И всё же, относительно смыслового содержания цикла заметим, что тут немалую роль играет и ирония. Это происходит, например, когда художник остроумно пародирует «каноническую» советскую героико-тематическую картину «Казнь партизанки», или когда лица-личины начинают напоминать «лики» обожествляемых «вождей». Но такого рода, пожалуй, близкая с иронией соцарта сквозная тема в данной серии – лишь одна из многих прочих, далеко не доминирующая. Социально-критическая направленность заметно уступает место эстетической и, в определенном смысле, «магической». /Как и, пожалуй, «психоделической», имея в виду достижения изменённого, парадоксального отстранённого взгляда на окружающую реальность.  

В сущности, здесь всё, на первый взгляд столь земное и конкретное, приобретает дополнительное «параллельное» измерение. Изначально грубые и прозаичные реалии в результате возносятся высоко над голой и грубой правдой факта.
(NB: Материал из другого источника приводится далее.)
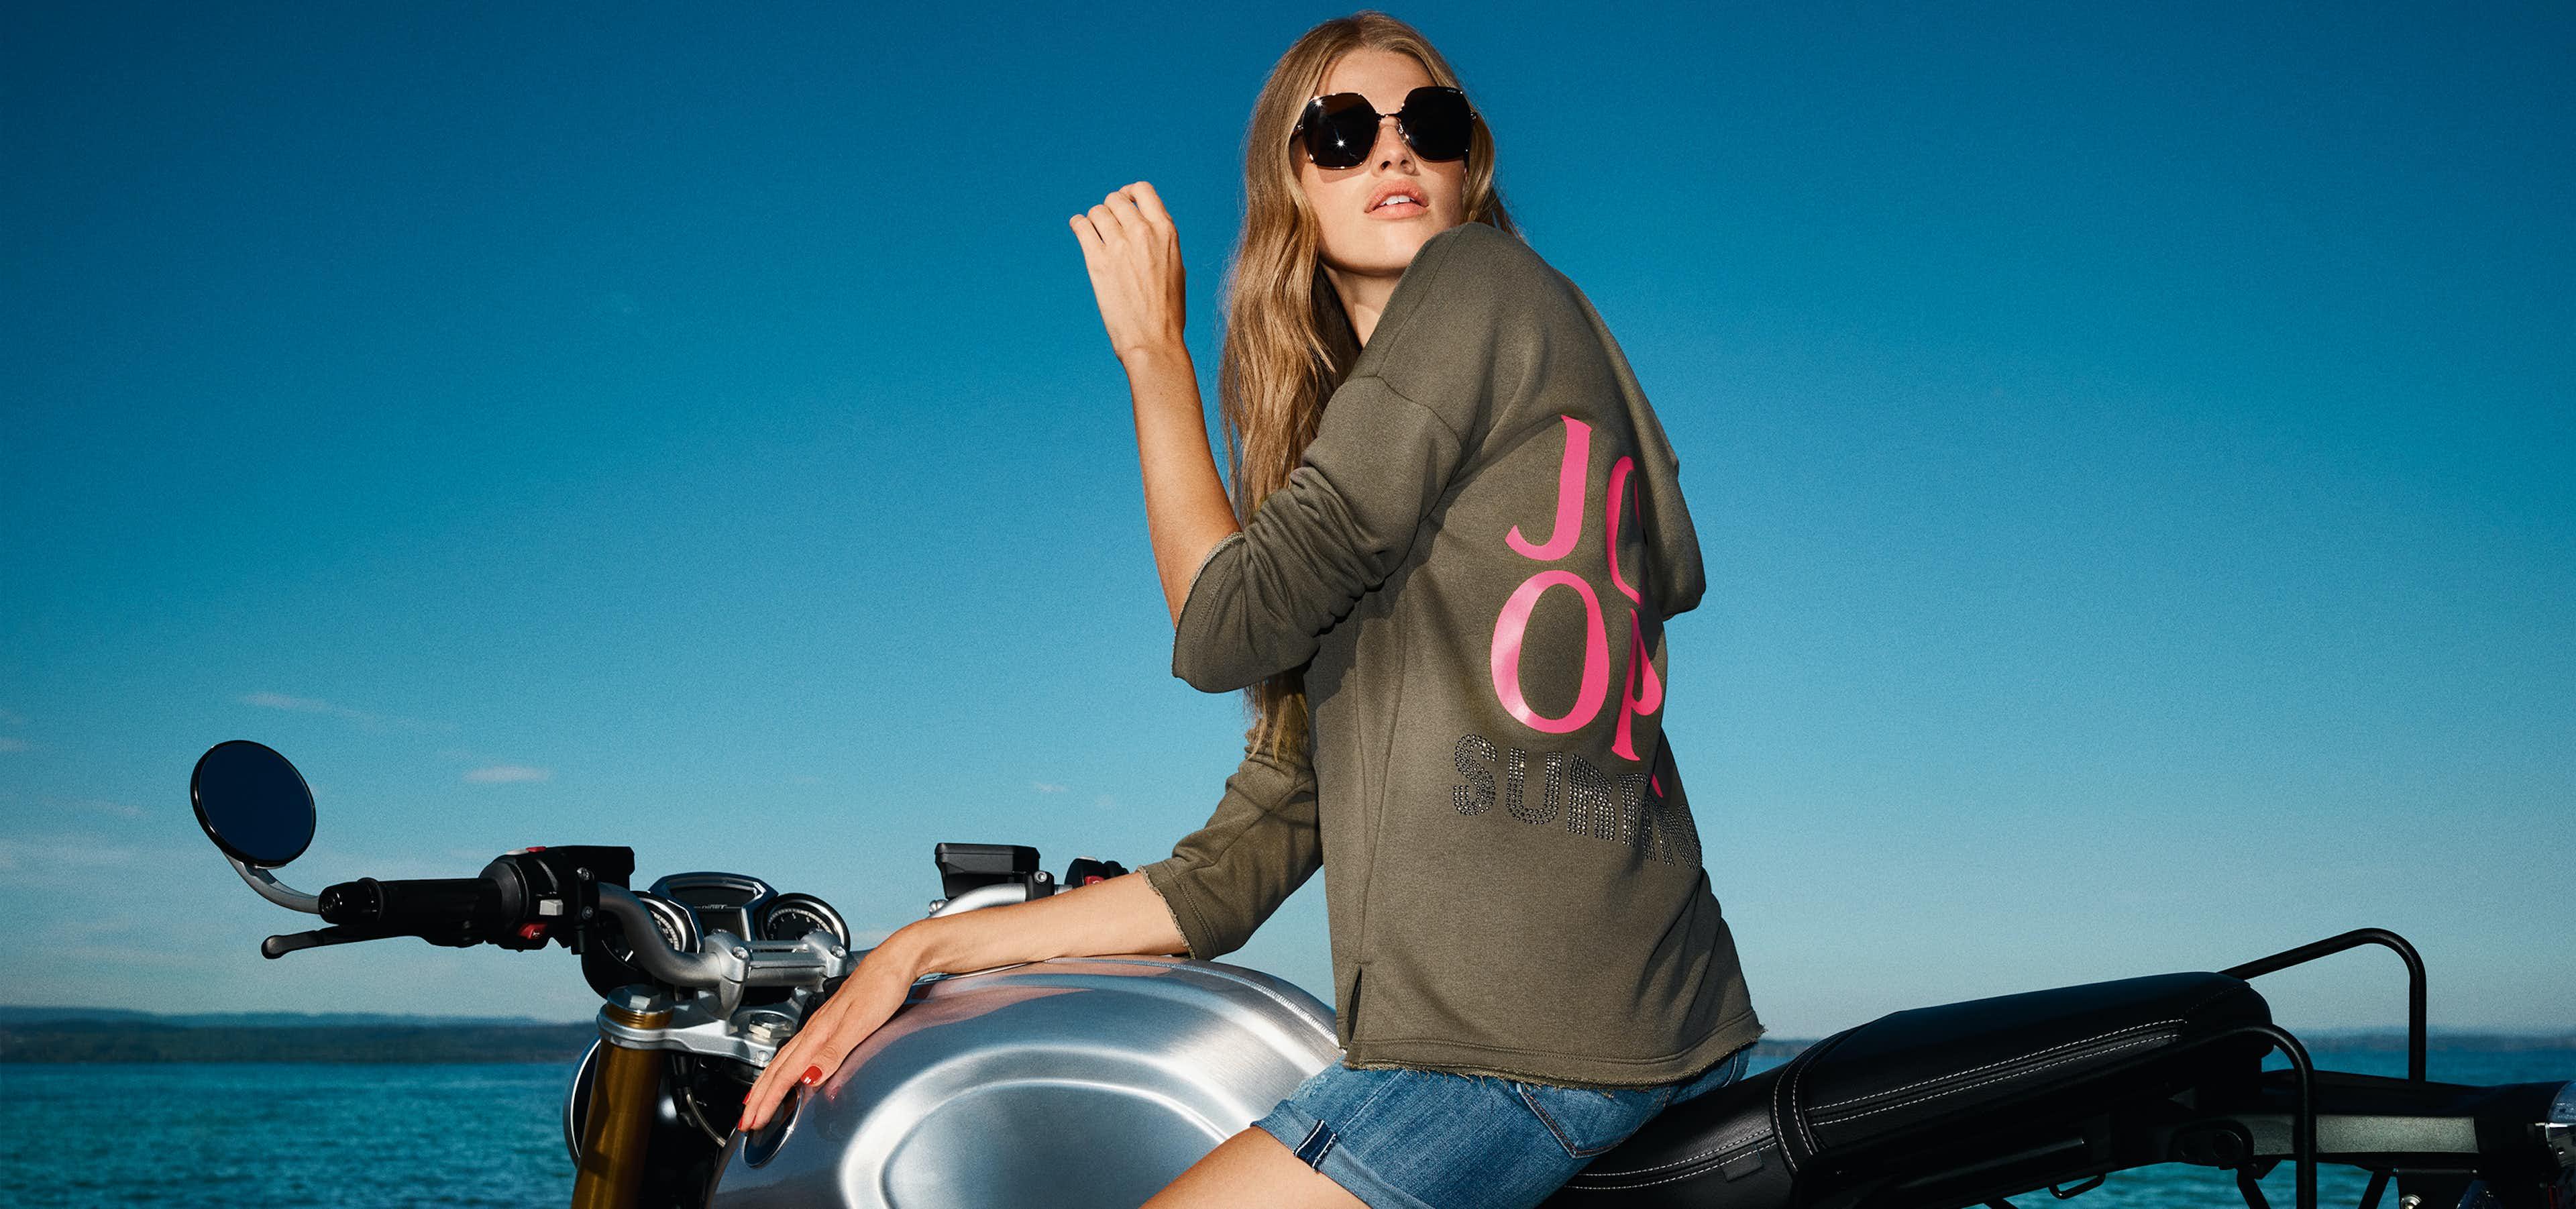 Frau auf Motorrad in JOOP! Sweatshirt

Опять же происходит мистификация жанра, проступает некий метафизический или мистический подтекст.

Если сделать отступление в область истории искусств, то следует вспомнить, что метод полиморфоза -  сложносоставных фигурных изображений, применявшийся в 20 веке в основном визионерами-сюрреалистами /Дали, Магрит, Эрнст/, имел давнюю предысторию. Вспомним Арчимбольдо, кстати, связанного с алхимико-герметической средой и традицией Вспомним геммы гностиков и некоторые тантрические миниатюры Индии. Ведь всё это – искусство, сопряженное с тайным знанием и магией. В применяемом на сей раз методе полиморфоза в лицах, способных вмещать в себя столь многое, независимо от констатации этого самим художником, прочитывается древняя и вечная идея взаимоотражённости человеческого микрокосма и макрокосмоса. Тут важно ещё и преодоление ограниченности антропоцентризма и гуманизма, когда человек, субъект, наблюдатель предстаёт как нечто отдельное, противопоставленное так называемой внешней «объективной» действительности. Этот философский предрассудок уходящего «нового времени» тут художественными средствами воочию преодолевается: грани, границы между субъектом, бытием и всем миром становятся текучи, прозрачны, обратимы.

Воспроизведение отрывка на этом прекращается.